Appellants, M. H. Allen and R. L. Gresham, are members of the Little Rock Police and Fire Departments respectively, and as such receive certain benefits under the civil service system established by Act 28 of 1933. That act, among other things, provides: "that no person shall be eligible for appointment to any position on the fire department who has not arrived at the age of 21 or who is over 31 years of age; and no person shall be eligible for appointment on the police department affected by this act who has not arrived at the age of 21 years or who is over the age of 45 years."
The complaint of appellants alleged that appellees have certified "people as regular members of the respective police and fire departments who are older than thirty-one years but have not reached their thirty-second birthday anniversaries, and older than forty-five years but have not reached their forty-sixth birthday anniversaries, etc." The truth of this allegation is, by the demurrer, conceded. As indicated, the sole question presented is the intended and proper meaning to be given to the statutory requirement, supra, that employees be not "over 31 years of age" or not "over the age of 45 years."
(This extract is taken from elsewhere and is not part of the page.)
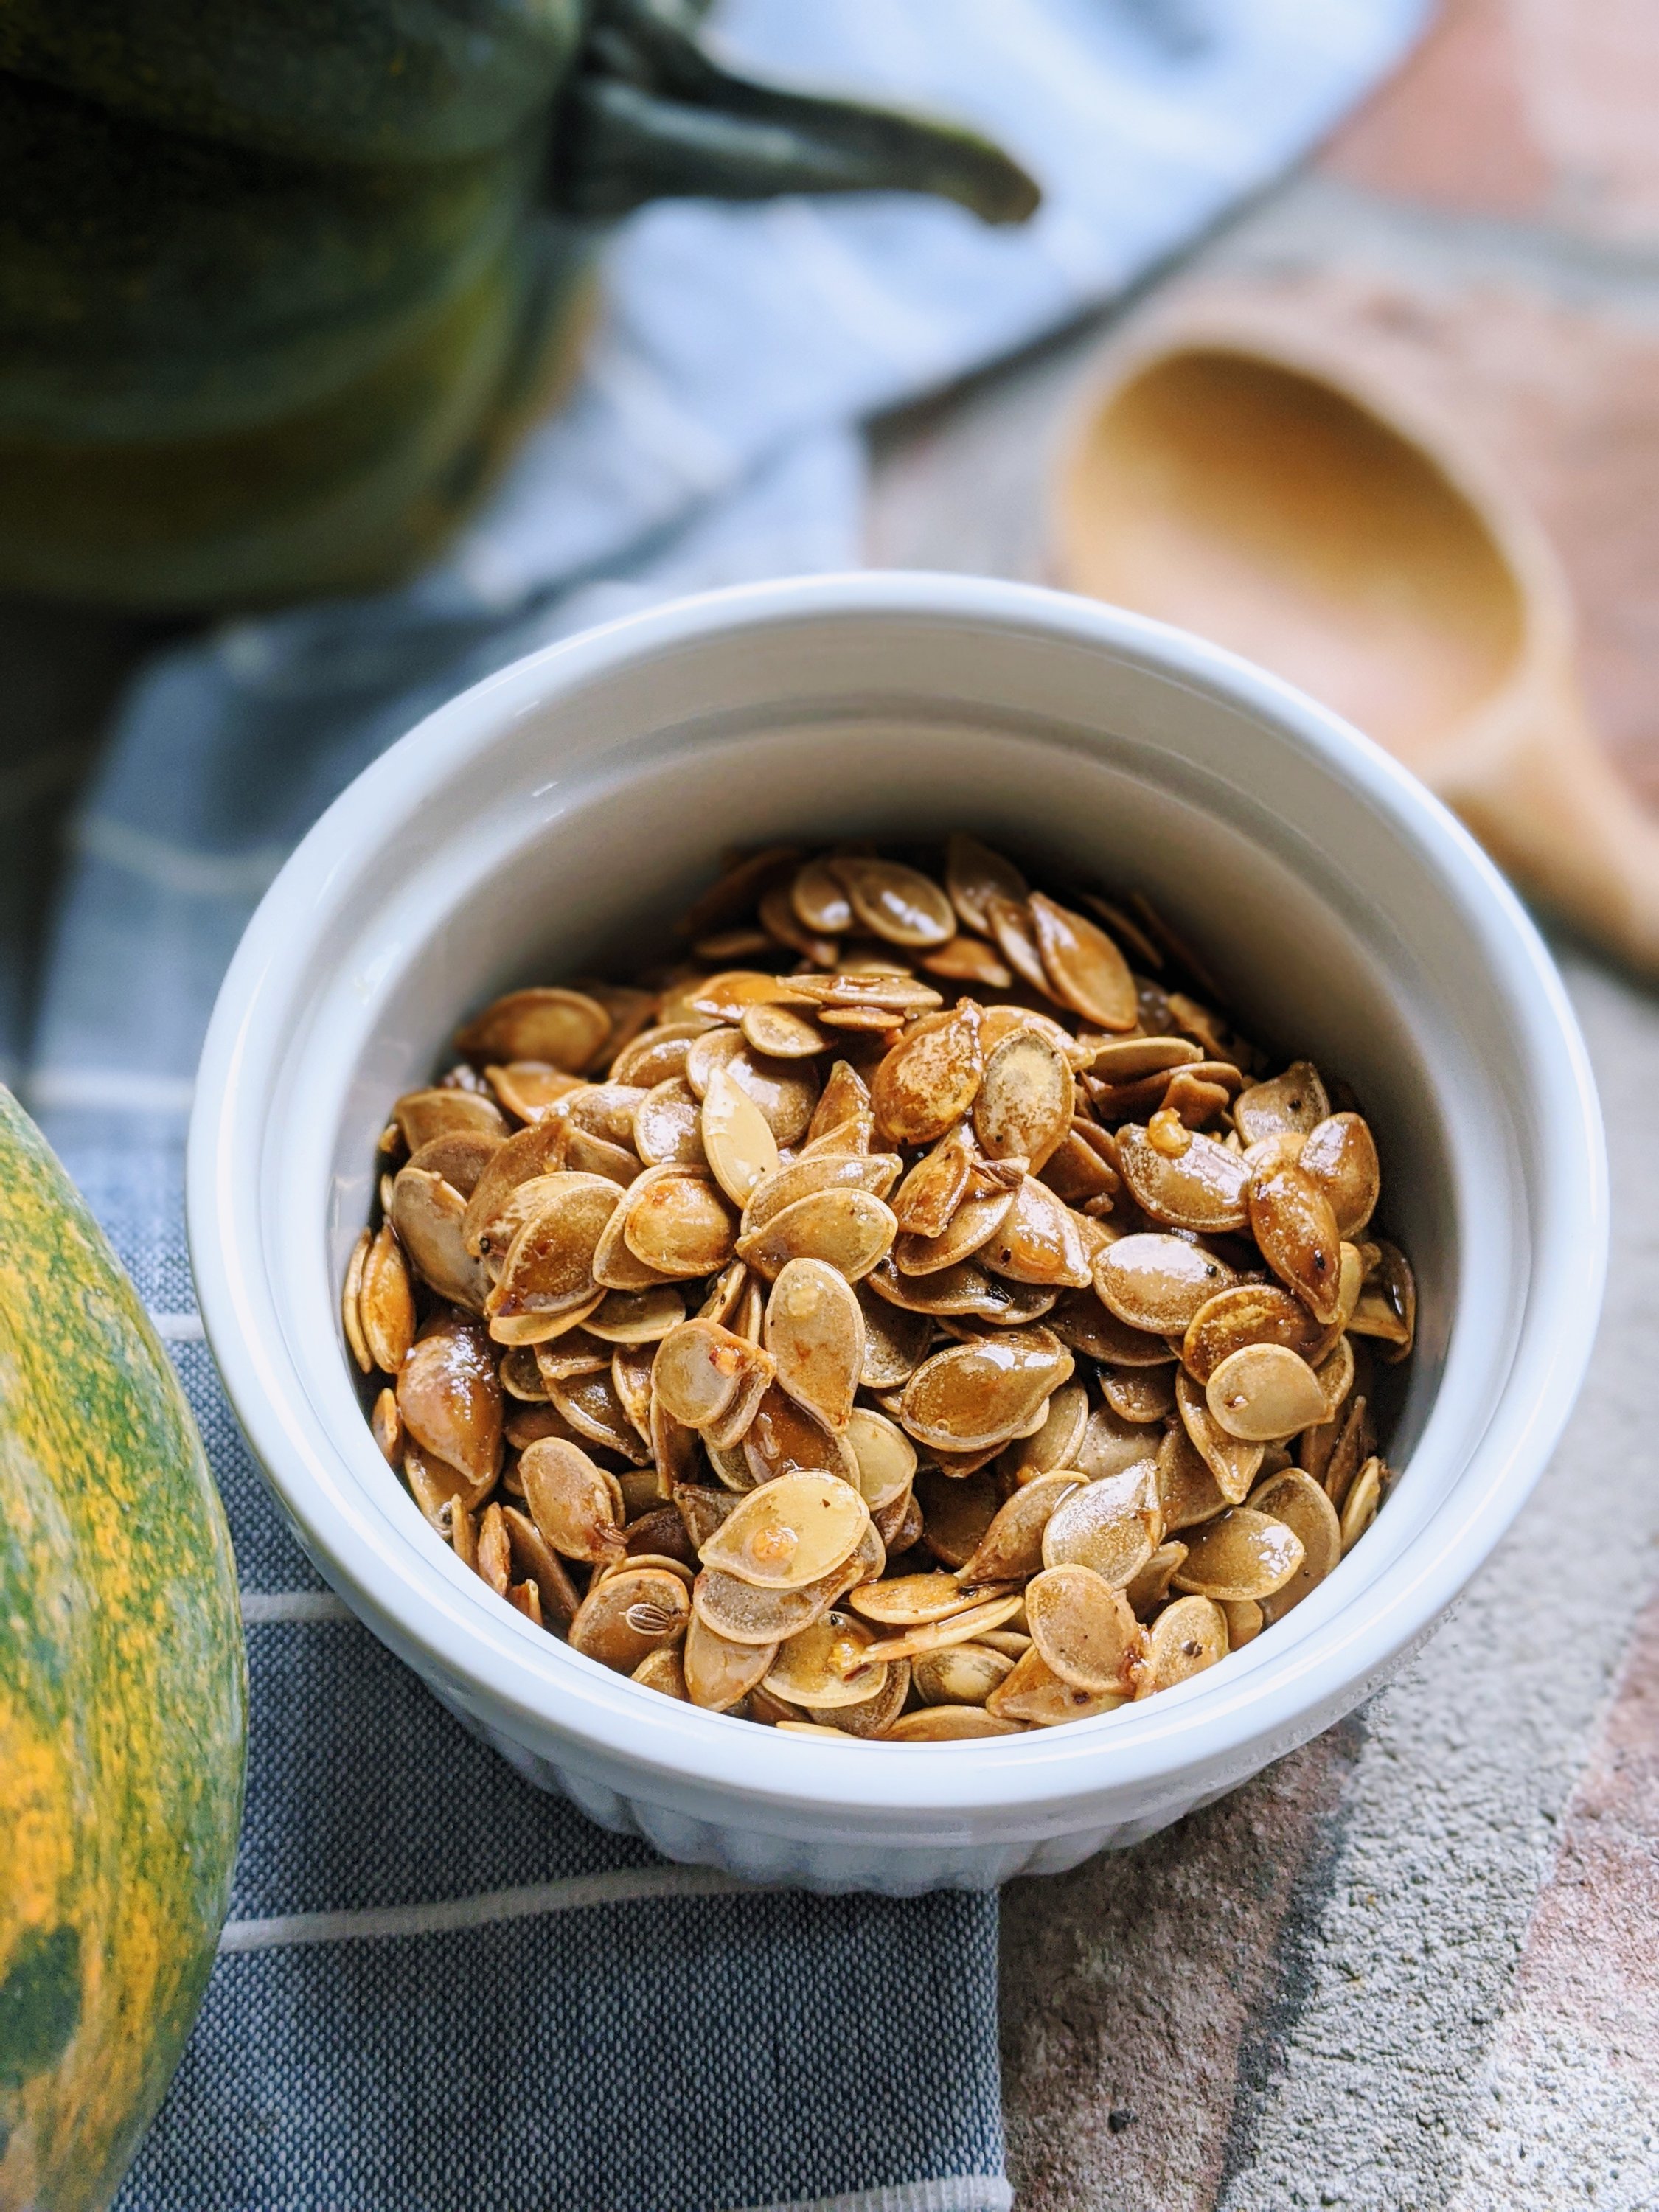 roasted low and slow acorn squash seeds for healthy amazing flavor great high fiber snack recipes easy homemade gluten free vegan vegetarian meatless snacks

As noted above, the trial court, in sustaining the demurrer, held that a person is not over 31 or 45 years of age until he reaches his thirty-second birthday on the one hand, or his forty-sixth birthday on the other. We are clearly of the view that this holding is correct, is generally recognized, and therefore the act in question authorized the employment of persons in the fire department of the city of Little Rock until they reach their thirty-second birthday and the employment of persons in the police department until they reach their forty-sixth birthday.
In the case of Wilson v. Mid-Continental Life Insurance Company of Oklahoma City, 159 Okla. 191,14 P.2d 945, 84 A.L.R. 386, the Supreme Court of Oklahoma *Page 978 had before it a case wherein the insurance company had issued a policy of life insurance providing, among other things, that it should not cover any person "over the age of 65 years." The insured there reached his sixty-fifth birthday February 22, 1928, and died October 19, 1928, nearly eight months later. The insurance company resisted payment on the ground that the insured was over the age of 65 years. The Supreme Court there said: "The only provision or reference as to age limit provided in the policy is: `Sec. 17. The insurance under this policy shall not cover any person under the age of eighteen nor over the age of sixty-five years.' In construing 2, chap. 32, Sess. Laws 1925, with reference to age limit which reads as follows: `Article III. Shall state the objects of the association and the plans by which these objects are to be carried out, including the extreme limit of age of persons to whom benefit certificates may be issued, which limit of age shall not exceed fifty-five (55) years,' in the case of Watson v. Loyal Union Life Ass'n, 143 Okla. 4, 286 P. 888, this court said in the syllabus: `A person is not over 55 years of age, within the meaning of 2, chap. 32, S.L. 1925, until he arrives at the age of 56.' And in the body of the opinion this court said: `A person is ordinarily not considered over 55 years of age until he arrives at the age of 56. It may safely be said that it is universally so understood'. . . . We are of the opinion that in construing the ordinary and generally accepted meaning of the language used in the policy, fractions of a year should not be considered, and that the insured having not reached his sixty-sixth birthday at the time of the accident and death, that he was therefore not `over the age of 65 years,' and that the policy was in force at the time of his death, and that the demurrer should have been overruled, etc."
Finding no error, the decree is affirmed.